# Newbie Questions- Fan, etc (Trailblazer)



## gijoe985 (Nov 13, 2014)

Warnock Hersey, model 23000 Heating Energy Systems Inc. 

So, I just moved into a new house, it has this model of stove upstairs. It has two small circular fans on the bottom right and left. The chimney guys thought it was a heaterlator at first glance. Anyway, I need to learn more about this stove in general. My fireplace setup is about 6ft wide and then goes back about 3 feet towards the wall. There are two forced air ducts on either side, but nothing the blow air out of them. It goes around to the back of the stove. I'm not certain if these are from an older setup, or are supposed to work with this stove? 

I really think that I could get some better efficiency if I could get more air blowing from my fans. I don't know if I can find some aftermarket 4" (that's a guess on size at this point) fans that would provide more cfm?

The stove was made in OR and I am in WA, so I don't know if this was a very big comapny or not. I believe they are out of business. I need to do more searching. 

Any advice would be great. I'm still trying to learn how to just run my fire as efficiently as possible. I'd like to get the best bang for my buck out of my wood. It obviously has a flue control and what is new for me is the vent on the front which presumably controls the air coming in. It seems like the knob (which is a bit melted) seems to be somewhat spring controlled. I have to fight to get the little vents to open and close. I just leave them open right now. 
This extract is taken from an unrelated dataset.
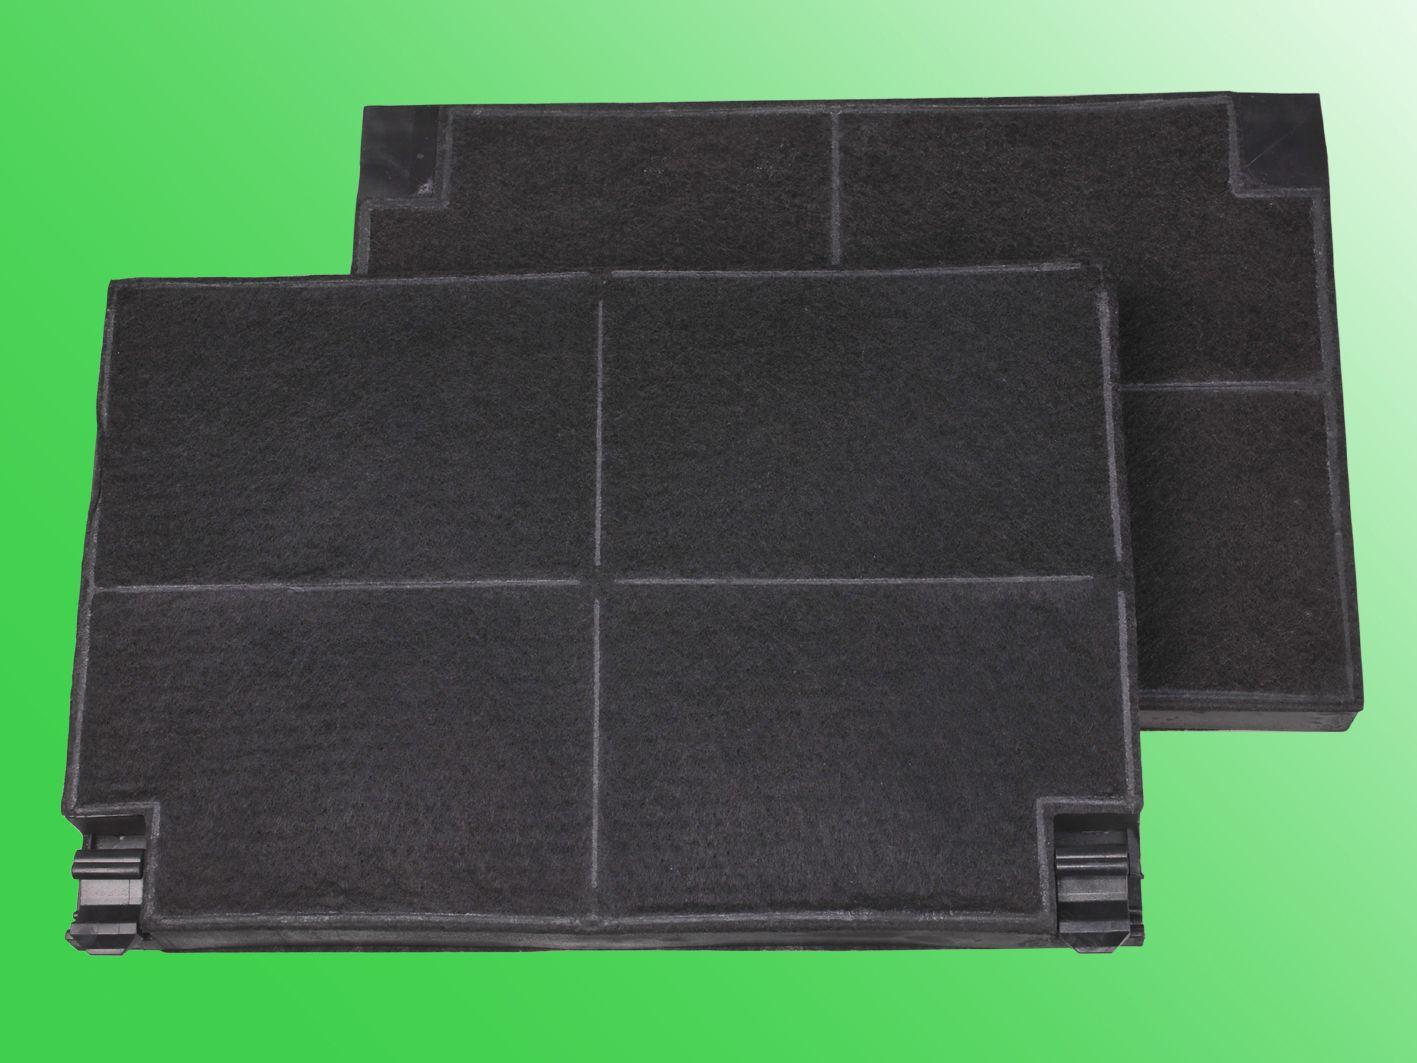 kohlefilter aktivkohlefilter dunstabzugshaube eff55 aeg. Black Bedroom Furniture Sets. Home Design Ideas

Any input for the noob would be appreciated. Thanks for the help


----------



## gijoe985 (Nov 13, 2014)

Wow, ok, quickly found that Warnock Hersey is not a company... it is a rating... So, the stove says Trailblazer on the front. Hope that helps.


----------



## begreen (Nov 13, 2014)

The Trailblazer by Heating Energy Systems is a discontinued stove. It was made in Clackamas, OR


----------



## gijoe985 (Nov 13, 2014)

Yup, I got that part figured out. Though I still don't know what model I have, not have any operating instructions.


----------



## begreen (Nov 13, 2014)

Can you post a good picture of the label from the back of the stove? They made about 6 model wood stoves. Also, post a couple shots of the stove and the stove controls from different angles. Interior shot of the firebox might help too. One of their models, the 2000, was catalytic so we will be looking for a bypass control if so.


----------



## gijoe985 (Nov 13, 2014)

begreen said:


> Can you post a good picture of the label from the back of the stove? They made about 6 model wood stoves. Also, post a couple shots of the stove and the stove controls from different angles. Interior shot of the firebox might help too. One of their models, the 2000, was catalytic so we will be looking for a bypass control if so.








It says 1994 in the silver rectangle


----------



## gijoe985 (Nov 15, 2014)

So is this a "pre 1993" non EPA stove? If so, what's the trick to getting the best efficiency out of these things. I feel like most articles I see are geared towards the newer stoves.


----------



## begreen (Nov 16, 2014)

Yes. Looks to be that. Burn dry wood. Give it good full air to start with, then close it down as the stove warms up. Until the wood gets to the full coal stage, give it enough air to keep the fire burning at least lazily. After that you can close it down a bit more as long as it doesn't put out the fire or smolder. Experiment during the daytime so that you can keep track of how it's burning. Shoot for minimum smoking. If their is smoke coming out of the chimney, give it a bit more air.


----------



## gijoe985 (Nov 18, 2014)

I'm having a hard time separating advice that is for an older stove like mine and newer EPA stoves. 

Should I be able to stack in a bunch of wood for a longer burn once my coals are established, or should I just be putting in a couple pieces at a time, again after coal bed is established?


----------



## jeffdo4u (Nov 4, 2015)

begreen said:


> Yes. Looks to be that. Burn dry wood. Give it good full air to start with, then close it down as the stove warms up. Until the wood gets to the full coal stage, give it enough air to keep the fire burning at least lazily. After that you can close it down a bit more as long as it doesn't put out the fire or smolder. Experiment during the daytime so that you can keep track of how it's burning. Shoot for minimum smoking. If their is smoke coming out of the chimney, give it a bit more air.





begreen said:


> The Trailblazer by Heating Energy Systems is a discontinued stove. It was made in Clackamas, OR


I have this exact same stove however there are no fans on either side. any ideas on where to get replacements? no fans or wiring of any kind


----------